The turmoil stems from a growing exodus of advertisers, which has sent shockwaves through the company’s revenue streams.

The advertiser exodus appears to be linked to controversies surrounding Elon Musk and his unconventional approach to business and social media. Musk’s controversial statements and tweets have drawn both praise and criticism, but they seem to have alienated a significant portion of X’s advertising partners. Many companies are distancing themselves from the venture due to concerns about brand image and association with Musk’s unpredictable behavior.

This development raises pressing questions about the future of X and its ability to retain advertising partnerships. Can Elon Musk navigate these turbulent waters and win back advertisers? Will X need to reevaluate its strategies and adopt a more traditional corporate image?
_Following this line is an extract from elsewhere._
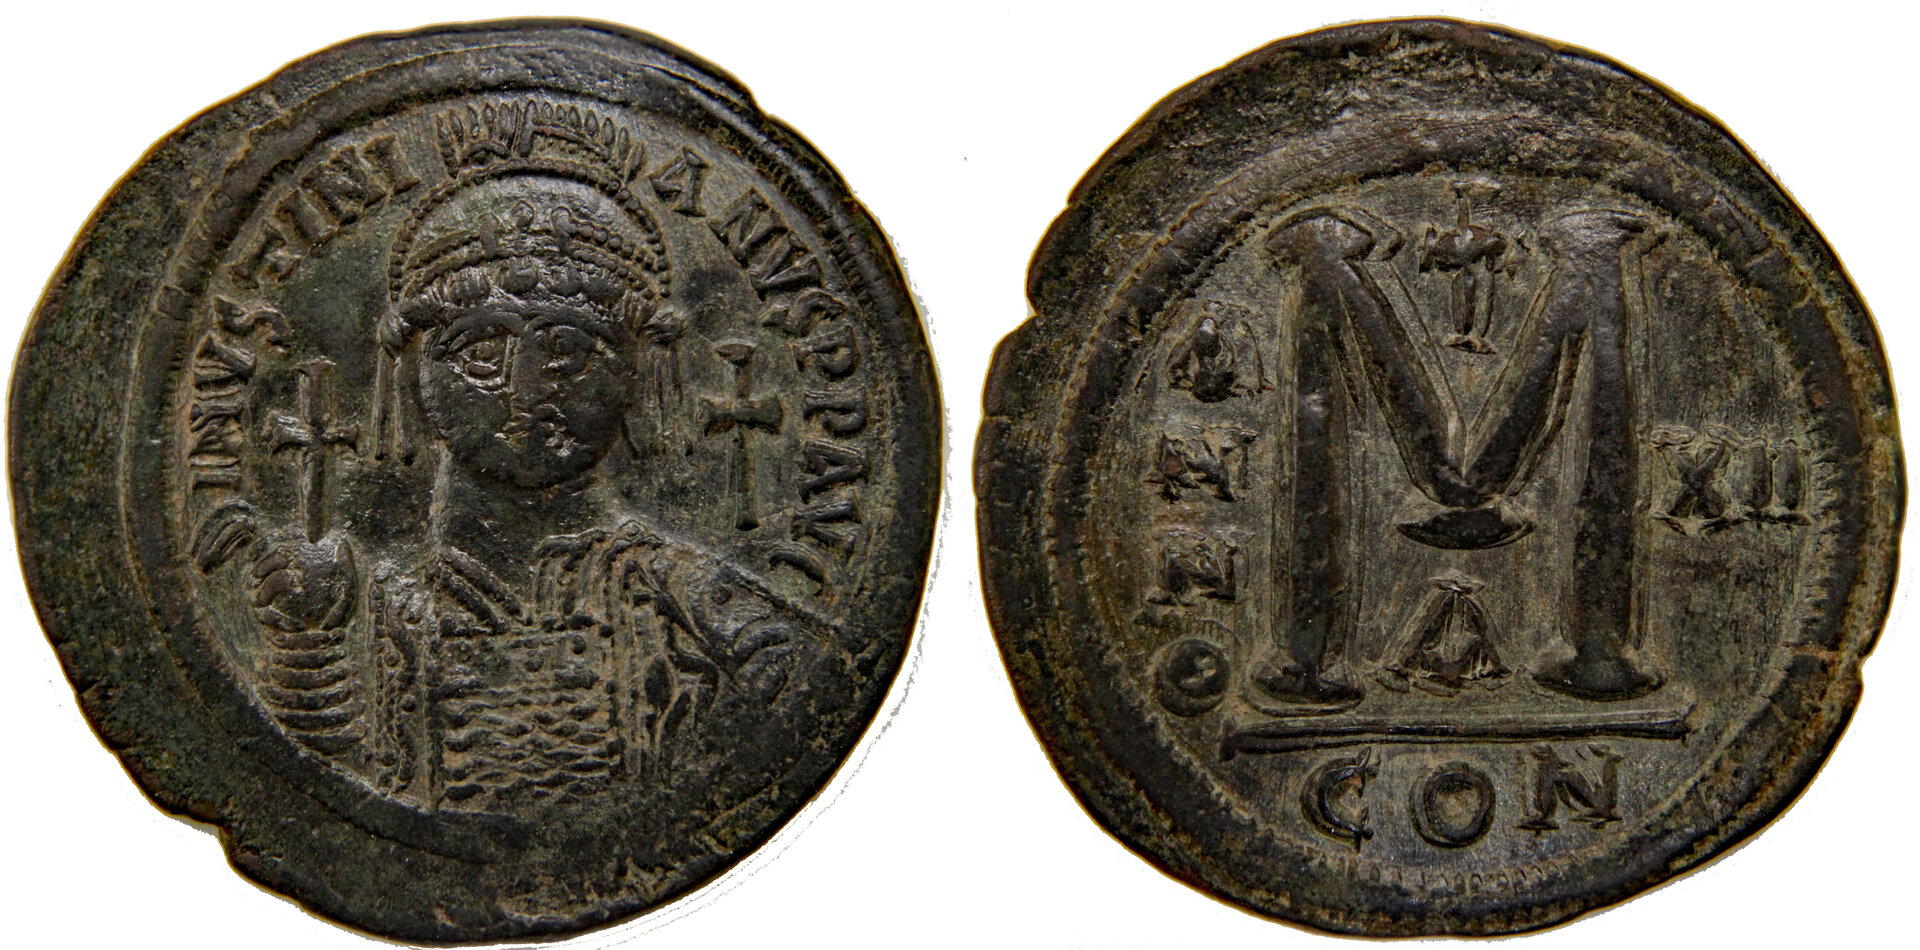 D-Camera Justinian I Follis, Reform, Year 12, 23 grams,  8-11-20.jpg

How might this impact the overall financial health of the venture, and what steps will be taken to mitigate losses?

In the midst of these uncertainties, it remains to be seen whether X can weather the storm and maintain its prominent position in the business world. Elon Musk’s unorthodox approach has often yielded success, but the current challenges pose a significant threat to the venture’s financial stability. As the year-end approaches, observers are closely watching to see how Musk and X respond to this critical situation.